The liquidator's position in Buchler relied particularly on section 175(2)(a), which expressed the expenses of the winding up as a priority within the same section as that which granted the priority creditors a priority over the floating charge holder. Lord Nicholls explained that its wording – that the expenses of the winding up are to rank ahead of the preferential debts – was "only to confirm their priority over the preferential debts when these are being paid in the winding up" out of the uncharged assets of the company. Notably, the Insolvency Act was then amended by section 176ZA to give a liquidator's general expenses priority over the priority creditors to the extent the general assets are insufficient.
It is possible that a similar argument could be proffered in Australia. Meaningfully, section 561 of the Act does not contain a similar provision to that of section 175(2)(a) or, meaningfully, the later amendment to the Insolvency Act, so it would seem even less clear how section 561 contemplates a liquidator's priority to costs outside of Universal Distributing.
The Australian approach
Justice McKerracher in Re Saker  FCA 771 had the opportunity to clarify section 561 in practice.
Both the liquidators and the employees laid claim to a sum of money transferred to the liquidators by the receivers, who had since retired. That sum could not meet both the liquidators' and employees' claims, so the issue of which party had priority under section 561 was critical. Here, the court said, the secured party had already been paid out in full, and had no remaining claim over the proceeds of the secured assets, so "subject to satisfying themselves that section 561… has been complied with," the liquidators could use the funds in order of the priorities in section 556.
This reasoning suggests that a liquidator may have recourse to assets the subject of a circulating security interest for the purpose of applying those funds pursuant to the priority in section 556, including in payment of the liquidator's costs and expenses, but that is contingent on the liquidator being satisfied of the compliance with section 561.
The priority afforded to employee claims in section 561 is only available "so far as the property of a company available for the payment of creditors other than secured creditors is insufficient to meet payment" of those claims. It is an approach that presumably informed the liquidators' concession in Kirman v RWE Robinson & Sons Pty Ltd (in liq)  FCA 372 that there was no basis on which remuneration and expenses not falling within Universal Distributing can be paid out of property subject to a circulating security interest (this however did not form part of the ratio of the Court's decision).
So, an assessment must be made as to the sufficiency of the unencumbered assets of the company to meet the claims of priority creditors, before payments either to the holder of the circulating security or the Employee Priority Claims. But when must the liquidator make this assessment, and what factors are relevant for the liquidator to satisfy themselves of compliance with section 561?

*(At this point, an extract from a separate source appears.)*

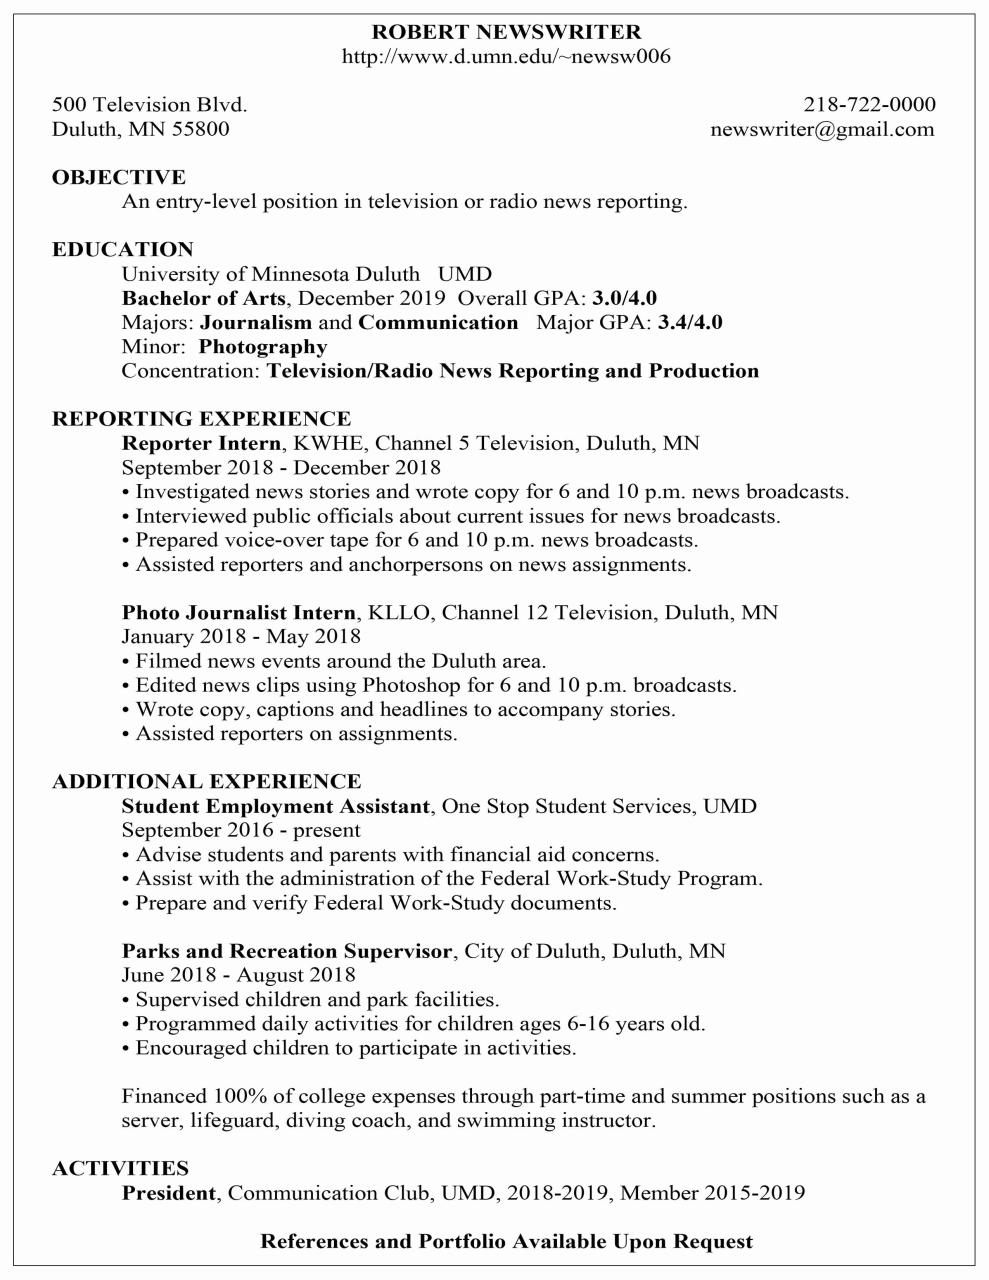 Federal Resume Example 2019

Justice Finkelstein considered this question in Cook v Italiano Family Fruit Company Pty Ltd  FCA 1355, stating:
"In my view, there is to be only one assessment of the sufficiency of a company's assets and that is to be when enough is known about the company's affairs. The assessment must take into account all actual and potential realisations… at the very least, the assessment cannot take place until the value of the priority debts payable under s 561 is known, as well as the value of those priority debts which, under s 556, have precedence over debts payable under s 561..."
In some windings up, it may become obvious at an early stage that there will be a deficiency in the company's free assets. In other windings up, it may take much longer. In those cases the controller of the floating charge assets must make adequate provision for the payment of the priority debts before making any payment to the secured creditor."